知夏親自帶二人查看了幾處小島,絳霄選中了一個地處外海方圓不過百里的島嶼,知夏親自為他們設置了防護法陣,然後又帶他們去看望了一下紹陵和月虹。

月虹至今還是整天以淚洗面,尋易的死真是把她坑慘了,紹陵的狀況要好一些,因為她太清楚尋易的痛苦了,能認清死對尋易是一種解脫,可這不代表她不悲痛,說起來她對尋易拋下她去南靖洲找死的行為是有一點怨恨的,如果放在她沒對尋易表露心跡之前發生了這種事,那她是不會生出這種怨恨的,那時的她只把自己當作一個奴婢,對尋易的死也會如月虹那般只是純粹的傷心與難過,身份和地位的變化是會讓人對一件事有不同感受的,以後當她的身份與地位更高時,對尋易的這種怨恨也會變得愈發的深重。

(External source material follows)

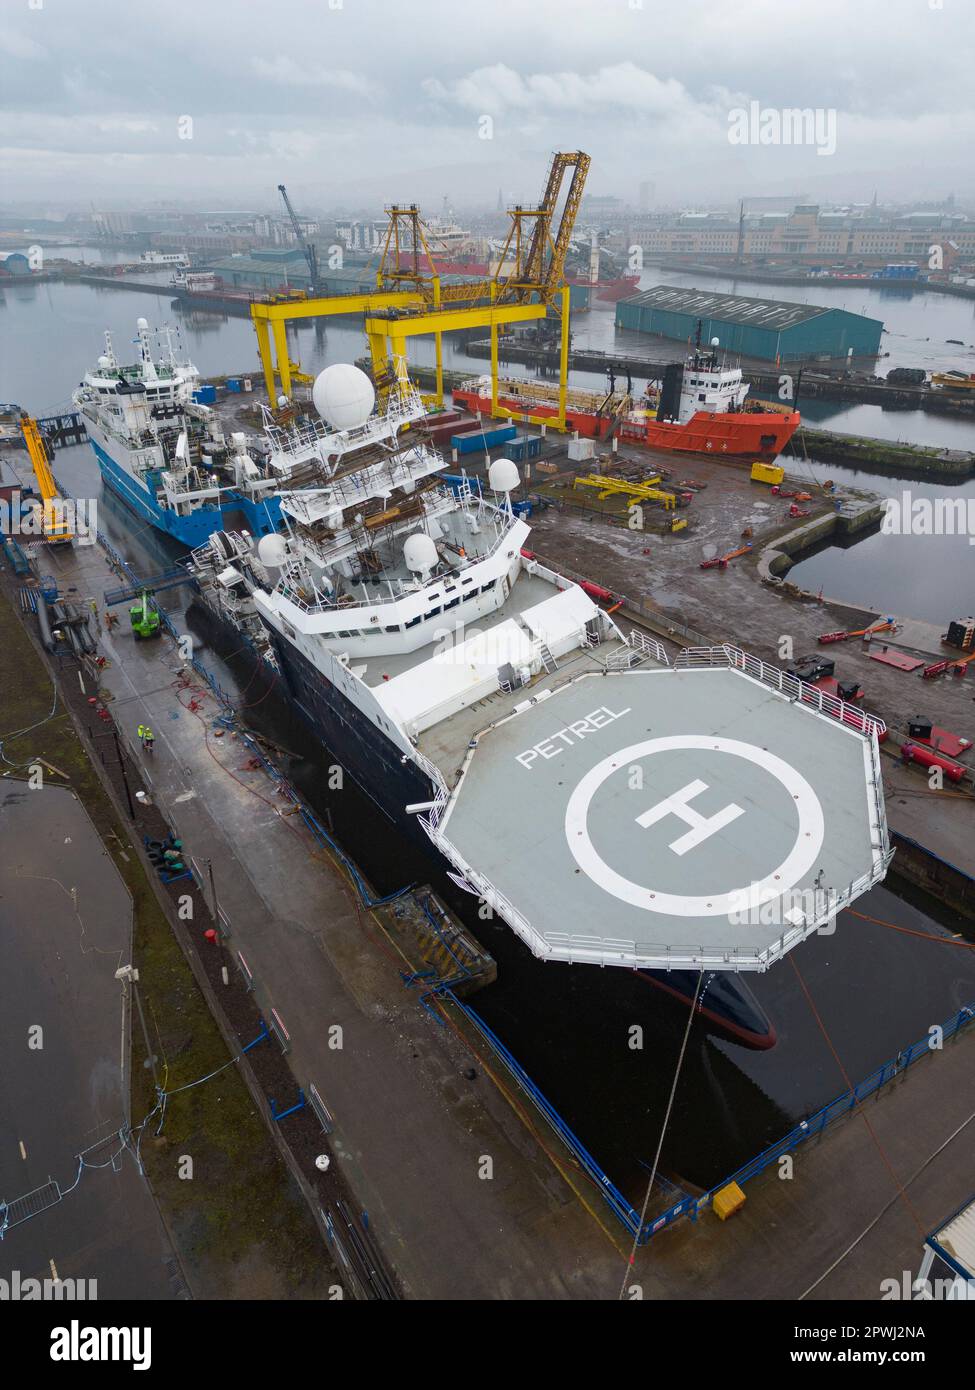 Edimburgo, Scozia, Regno Unito. 30 aprile 2023. La nave di ricerca RV Petrel è stata rifatta galleggiare oggi in bacino di carenaggio ed è ora in uno stato molto più retto. Foto Stock

尋易之前沒少跟月虹和紹陵講自己小時候和西陽胡鬧的事,這除了緣於對這位兄弟的思念外,也因為他這輩子經歷的事大多牽涉隱秘,只有小時候的那段時光是可以毫無隱瞞的想怎麼講就怎麼講的。

對於尋易常掛在嘴邊這位兒時玩伴西陽,月虹和紹陵自然是一見面就感到十分親近的,尋易也提過絳霄,所以二人對絳霄也是頗感親近的,加之同為女人,她們倆跟絳霄更容易拉近感情。

幾個人是因為尋易而相聚,話題不可避免的要圍繞尋易展開,可尋易已經死了,所以親親熱熱的談了沒幾句,三個女子就抹起了眼淚。

西陽不想陪著她們哭,遂獨自在這座尋易曾居住過的島嶼上逛了一圈,回來時三個人不但沒見好轉,反而哭得更慘了,而且邊上還多出了兩個人跟著在一起哭。